Would I do it again? Yes. Now that I have the experience and know the process I feel like I could shave a large sum of money off of what I feel I lost out on in this deal. Here’s what will save you money that I learned from this:

  • Buy cars that are not just newly legal:  Don’t buy a car that just became legal. The prices go up, as you see here. What was a $2500 car is a $4000 car. I saw later R32s and cars like the Pulsar GTIR that are a while off yet for legality being around the $2000s price range in similar condition to my car. I ended up paying what they pay in Japan for a 90s Supra.
  • Find your own customs broker:  Find someone who will hold the car for you so you can get a reasonably priced shipping or time to come down and pick it up yourself. The people Pacific Coast found refused to do this for me and I heard there are some that will. I was forced to use their choice for a shipper who charged a good $400 more than who I wanted. That or take your vacation to Disney or Hollywood around the time the car is about to arrive and drive it home.

Pacific Coast did say they couldn’t use their usual shipper yet for US imports. They have a shipper they use in Canada that is supposedly much better that has a US subsidiary and the paperwork to import with them hasn’t been completed yet. It could be done by now as this was a month ago.

The Bullshit:

I’ve had to pay a few fees that I wasn’t told about. Never had to import before and thought the customs fees were included in what I was quoted from Pacific Coat Auto. You can chalk this up to my lack of knowledge but I also wasn’t informed of this. On top of that the customs broker they used refused to let me pick my own shipper for the car so I had to pay a good $400 over what I would otherwise of had to pay. Then on top of that the remaining customs fees I was made unaware of.

I think in the future I will do this again, I want to buy a Pulsar GTIR eventually, however there has been NO info about this process online at all and I think I suffered some minor setbacks because of this.
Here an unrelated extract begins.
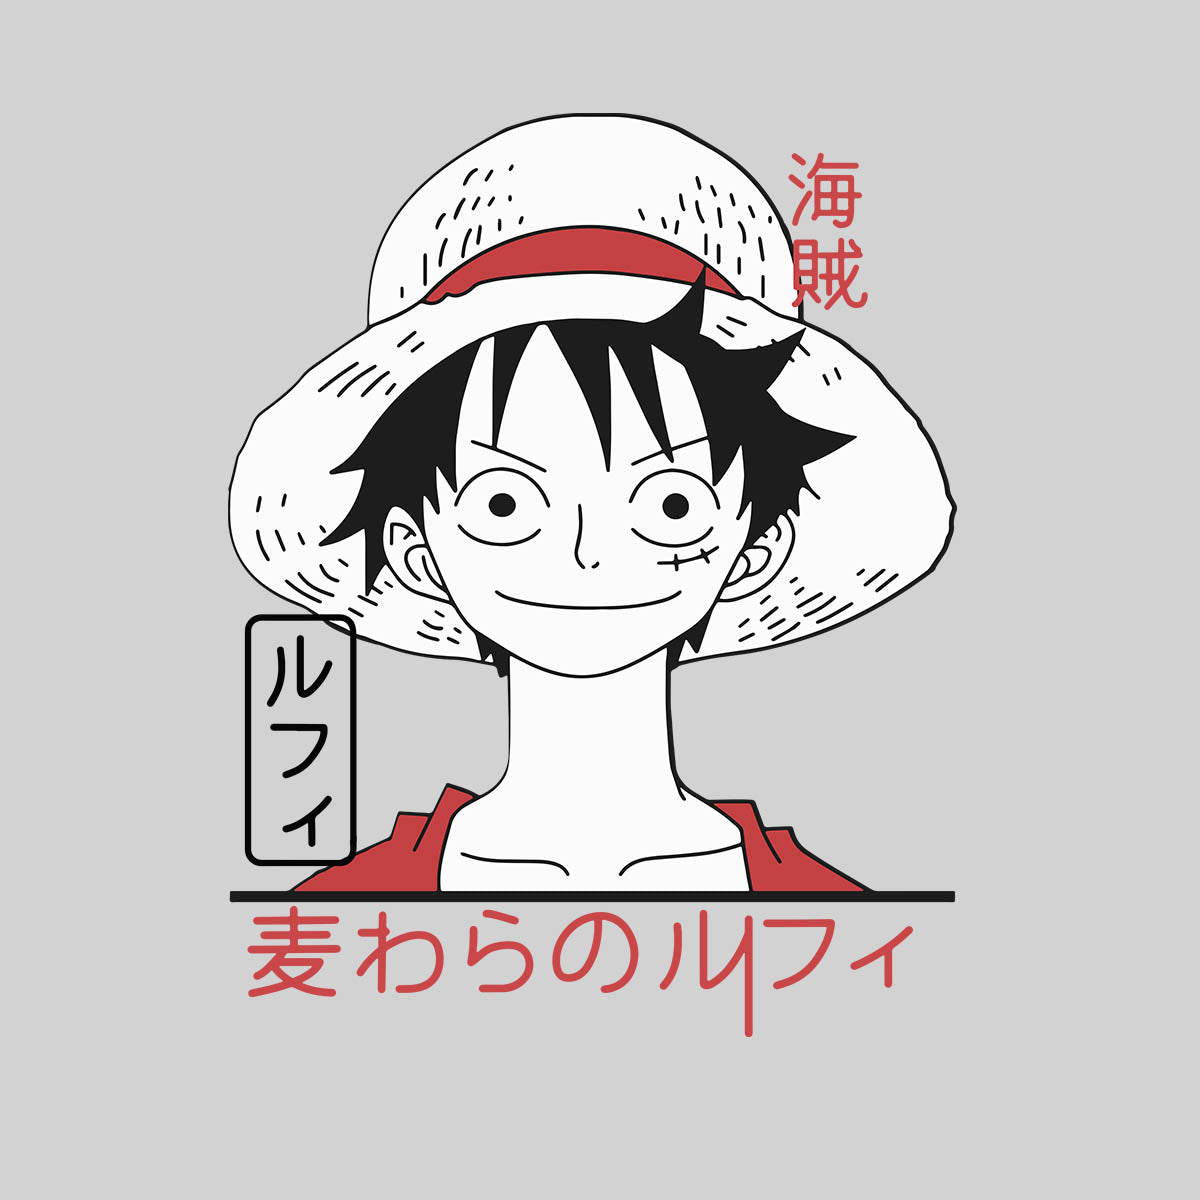 One Piece Monkey D Luffy Japanese Anime Manga  T-shirt for Kids

I hope all this information helps people here.

 *Sorry I do not have proper pictures at the moment, my camera is damaged. Here is what I was able to take with it anyways.

Epilogue: (about a month of ownership)

A month later I’ve been driving the car weekly, not as a daily the Mustang in the pic above is for that. The car is in excellent mechanical condition, did some standard maintenance and changed the coolant was all that was needed.

Despite it being a 25 year old car and a car that isn’t from this continent aftermarket parts were easy to find. I was able to get intercooler, downpipe to fit the exhaust housing of the turbo (6 bolt that’s unique to this car), easily. Bought from FRSport, Nengun (in Japan), and Japspeed (in the UK), all had parts for this car.

Nengun’s parts are comparatively cheaper even with the shipping still ends up costing less than buying locally, shipping just takes a month. Also the shipping from the UK for the downpipe was not much more than shipping between the US on similar parts plus they give you a “discount” off their listed prices which includes VAT which foreigners don’t pay. Most everything else, OEM replacement parts for example, was available locally since this shares parts with most 90s Nissans. 300ZX and 240SX especially.

Fit my old 350z’s wheels, got new tires, and going to autocross next weekend. I’ll be the slowest car in modified.